• _TASK TO COMPLETE_
Retype each record exactly.

• _DATA FOR REVIEW_
Start of Block
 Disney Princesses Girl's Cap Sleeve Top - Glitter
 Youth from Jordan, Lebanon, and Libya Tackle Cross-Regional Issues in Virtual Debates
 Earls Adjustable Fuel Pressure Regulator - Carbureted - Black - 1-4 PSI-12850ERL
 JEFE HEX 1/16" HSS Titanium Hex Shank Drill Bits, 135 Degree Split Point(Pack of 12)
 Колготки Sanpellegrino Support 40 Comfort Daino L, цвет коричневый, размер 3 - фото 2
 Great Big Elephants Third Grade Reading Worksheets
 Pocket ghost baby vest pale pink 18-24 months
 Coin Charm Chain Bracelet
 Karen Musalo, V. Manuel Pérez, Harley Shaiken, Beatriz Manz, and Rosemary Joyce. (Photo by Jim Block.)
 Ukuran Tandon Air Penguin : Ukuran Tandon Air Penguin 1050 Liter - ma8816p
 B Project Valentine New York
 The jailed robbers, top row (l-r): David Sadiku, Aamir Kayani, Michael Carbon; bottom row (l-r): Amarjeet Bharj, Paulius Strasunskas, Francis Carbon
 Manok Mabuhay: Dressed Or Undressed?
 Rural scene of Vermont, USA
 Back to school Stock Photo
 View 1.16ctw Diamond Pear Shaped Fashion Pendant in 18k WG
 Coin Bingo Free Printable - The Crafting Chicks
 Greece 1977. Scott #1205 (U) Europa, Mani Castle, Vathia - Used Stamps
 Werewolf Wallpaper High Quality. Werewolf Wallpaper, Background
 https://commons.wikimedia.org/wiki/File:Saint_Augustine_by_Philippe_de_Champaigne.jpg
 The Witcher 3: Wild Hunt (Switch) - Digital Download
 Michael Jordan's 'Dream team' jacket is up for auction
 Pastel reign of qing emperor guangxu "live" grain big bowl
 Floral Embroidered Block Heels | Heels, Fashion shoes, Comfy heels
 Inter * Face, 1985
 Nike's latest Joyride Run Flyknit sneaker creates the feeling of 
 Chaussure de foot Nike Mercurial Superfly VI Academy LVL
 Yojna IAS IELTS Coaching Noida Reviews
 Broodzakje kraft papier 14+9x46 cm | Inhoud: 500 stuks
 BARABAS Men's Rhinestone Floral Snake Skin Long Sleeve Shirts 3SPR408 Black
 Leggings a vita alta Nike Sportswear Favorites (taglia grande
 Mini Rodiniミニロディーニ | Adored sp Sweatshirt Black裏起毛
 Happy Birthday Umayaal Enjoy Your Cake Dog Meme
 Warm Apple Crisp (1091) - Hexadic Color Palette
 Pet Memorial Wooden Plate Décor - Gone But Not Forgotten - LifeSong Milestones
End of Block
• _RESPONSE_
 Disney Princesses Girl's Cap Sleeve Top - Glitter
 Youth from Jordan, Lebanon, and Libya Tackle Cross-Regional Issues in Virtual Debates
 Earls Adjustable Fuel Pressure Regulator - Carbureted - Black - 1-4 PSI-12850ERL
 JEFE HEX 1/16" HSS Titanium Hex Shank Drill Bits, 135 Degree Split Point(Pack of 12)
 Колготки Sanpellegrino Support 40 Comfort Daino L, цвет коричневый, размер 3 - фото 2
 Great Big Elephants Third Grade Reading Worksheets
 Pocket ghost baby vest pale pink 18-24 months
 Coin Charm Chain Bracelet
 Karen Musalo, V. Manuel Pérez, Harley Shaiken, Beatriz Manz, and Rosemary Joyce. (Photo by Jim Block.)
 Ukuran Tandon Air Penguin : Ukuran Tandon Air Penguin 1050 Liter - ma8816p
 B Project Valentine New York
 The jailed robbers, top row (l-r): David Sadiku, Aamir Kayani, Michael Carbon; bottom row (l-r): Amarjeet Bharj, Paulius Strasunskas, Francis Carbon
 Manok Mabuhay: Dressed Or Undressed?
 Rural scene of Vermont, USA
 Back to school Stock Photo
 View 1.16ctw Diamond Pear Shaped Fashion Pendant in 18k WG
 Coin Bingo Free Printable - The Crafting Chicks
 Greece 1977. Scott #1205 (U) Europa, Mani Castle, Vathia - Used Stamps
 Werewolf Wallpaper High Quality. Werewolf Wallpaper, Background
 https://commons.wikimedia.org/wiki/File:Saint_Augustine_by_Philippe_de_Champaigne.jpg
 The Witcher 3: Wild Hunt (Switch) - Digital Download
 Michael Jordan's 'Dream team' jacket is up for auction
 Pastel reign of qing emperor guangxu "live" grain big bowl
 Floral Embroidered Block Heels | Heels, Fashion shoes, Comfy heels
 Inter * Face, 1985
 Nike's latest Joyride Run Flyknit sneaker creates the feeling of 
 Chaussure de foot Nike Mercurial Superfly VI Academy LVL
 Yojna IAS IELTS Coaching Noida Reviews
 Broodzakje kraft papier 14+9x46 cm | Inhoud: 500 stuks
 BARABAS Men's Rhinestone Floral Snake Skin Long Sleeve Shirts 3SPR408 Black
 Leggings a vita alta Nike Sportswear Favorites (taglia grande
 Mini Rodiniミニロディーニ | Adored sp Sweatshirt Black裏起毛
 Happy Birthday Umayaal Enjoy Your Cake Dog Meme
 Warm Apple Crisp (1091) - Hexadic Color Palette
 Pet Memorial Wooden Plate Décor - Gone But Not Forgotten - LifeSong Milestones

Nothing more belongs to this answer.